Avant de m’allonger j’ai vérifié la température de l’eau avec le coude (ouais, pourquoi pas?), j’ai enclenché la musique et fermé les yeux. Je n’ai pas pu me concentrer longtemps parce que Mister T a frappé: « Mam, y a un problème tu peux venir ? » Ni une ni deux, j’ai revêtu mes habits de maman responsable et l’ai suivi jusqu’à sa chambre.

Rien de grave ne nous y attendait, je vous rassure: ses baskets avaient disparu sous l’armoire. Après, je l’ai aidé à faire son lit, à trier son linge sale (j’ai aussi pesté qu’avant il le faisait tout seul et « pourquoi as-tu perdu cette merveilleuse habitude » ce à quoi il m’a répondu par un haussement d’épaules), ramassé les légos qui trainaient et mis un peu d’ordre dans ses livres. Il y en avait un qui s’intitulait « rendez-moi mes poux », avec, dessiné sur la couverture, un gamin dans une salle de bains.

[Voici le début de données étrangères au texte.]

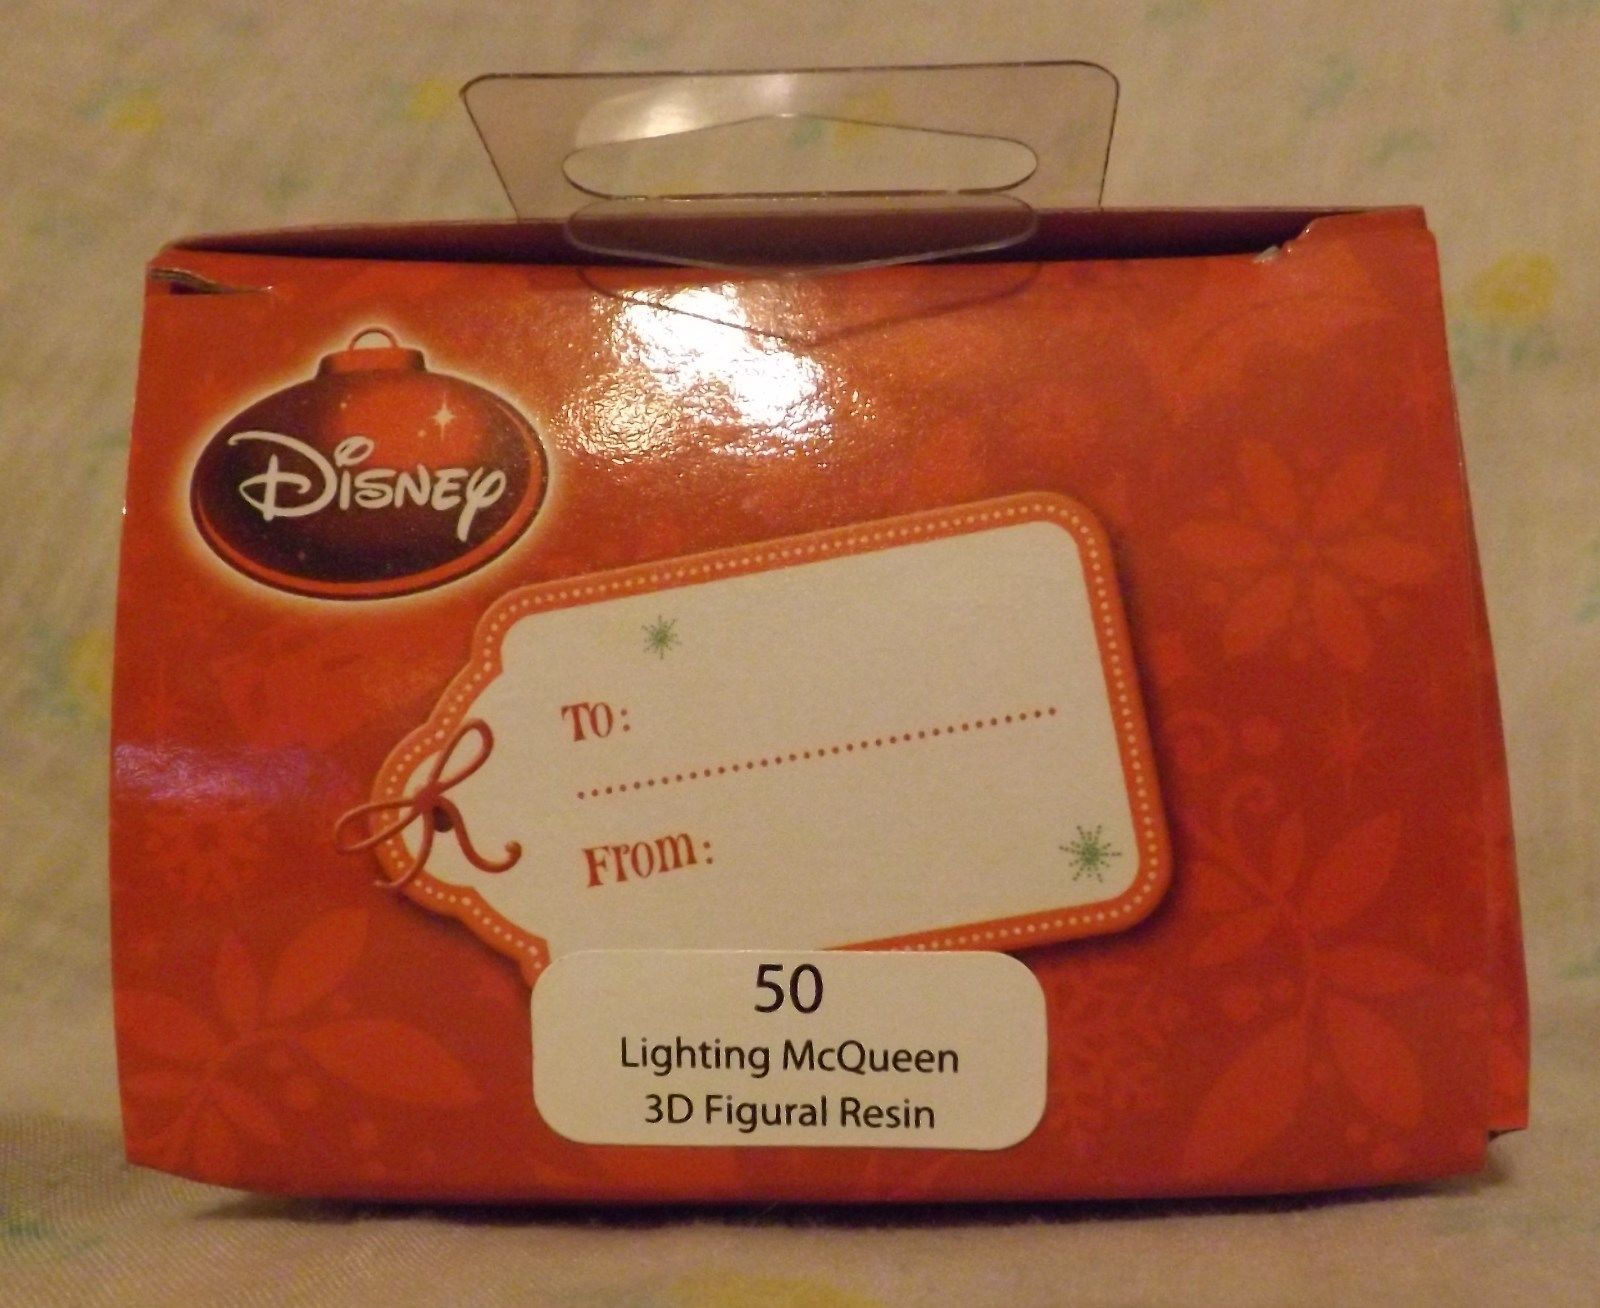 Disney Lightning McQueen 3D Figural Resin Ornament 2013 image 2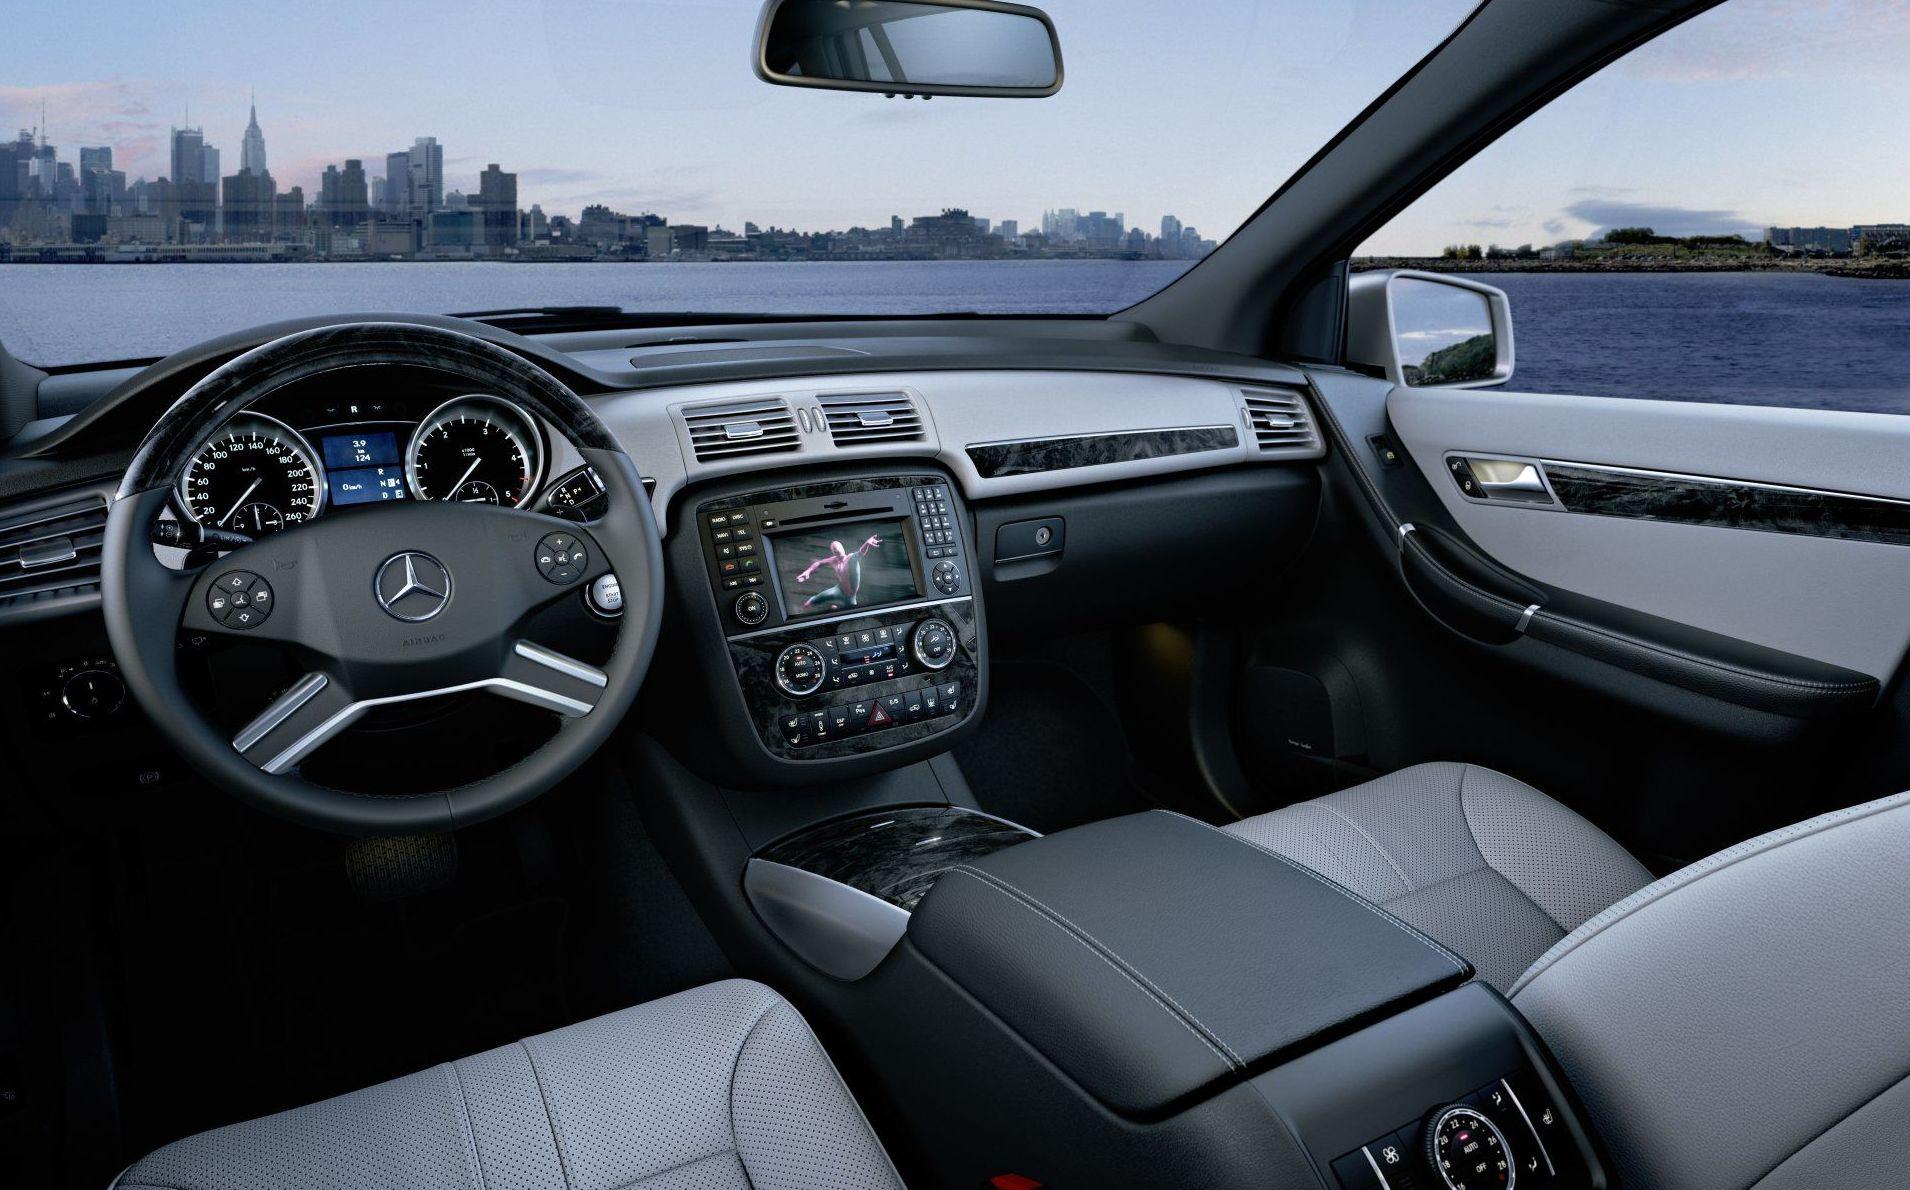 Reparación Pantallas radio navegadores gps sistemas Mercedes Comand APS NTG 2.5 NTG-2.5

Putain, la baignoire, l’eau coulait toujours !

Je me suis finalement glissée dedans (tout en ayant enlevé la bonde quelques minutes pour réduire le niveau). J’ai continué à sourire même quand mes chevilles sont devenues écarlates (j’ai refusé de penser à ce qu’il adviendrait de mon ventre, mes fesses et mes seins. Vu la quantité d’eau contenue dans la baignoire, j’avais pas intérêt à la ramener). Je suis restée un petit moment debout, les fesses en arrière, interdite (ma mère dirait comme une poule qui a pondu un oeuf) (mais je ne sais pas vraiment si l’image est adéquate). J’ai pensé qu’au pire, ça me détendrait (l’eau chaude ça détend, non?) et accessoirement ça me ferait comme un hammam au niveau du visage vu comment je transpirais. Si après le bain, on était obligé de me faire une greffe de peau, alors je la choisirai pâle avec plein de tâches de rousseur.

J’ai jeté un œil sur l’écran de mon portable posé au sol. 9h05.

Je me suis appliquée, j’ai fait tout bien comme il fallait : fermer les yeux, écouter la musique, renifler les odeurs d’huiles essentielles qui s’élevaient au-dessus de moi, masser mon visage sous la vapeur, sortir mes jambes l’une après l’autre en tendant bien la pointe des pieds, comme dans les pubs et appliquer la mousse fine en une caresse agréable. Au bout de deux minutes, je n’en pouvais plus de me concentrer sur mon bien-être. J’avais l’impression d’être devenue quelqu’un d’autre.  J’ai regardé apeurée mon ventre devenu cramoisi, eu mal aux fesses, j’ai niqué mon brushing de la veille parce qu’à vouloir maintenir la tête hors de l’eau j’ai décroché la barrette, j’ai glissé comme une anguille à cause des parois ultra glissantes (j’avais peut-être exagéré avec les 4 perles), ma mèche sur le côté a même pensé appartenir à Sue Ellen, elle s’est mise à faire des vagues. Dans une attitude tout aussi glamour que quand je suis rentrée, je me suis relevée. Il était 9h08.

Ensuite ? Je suis passée sous la douche pour me laver.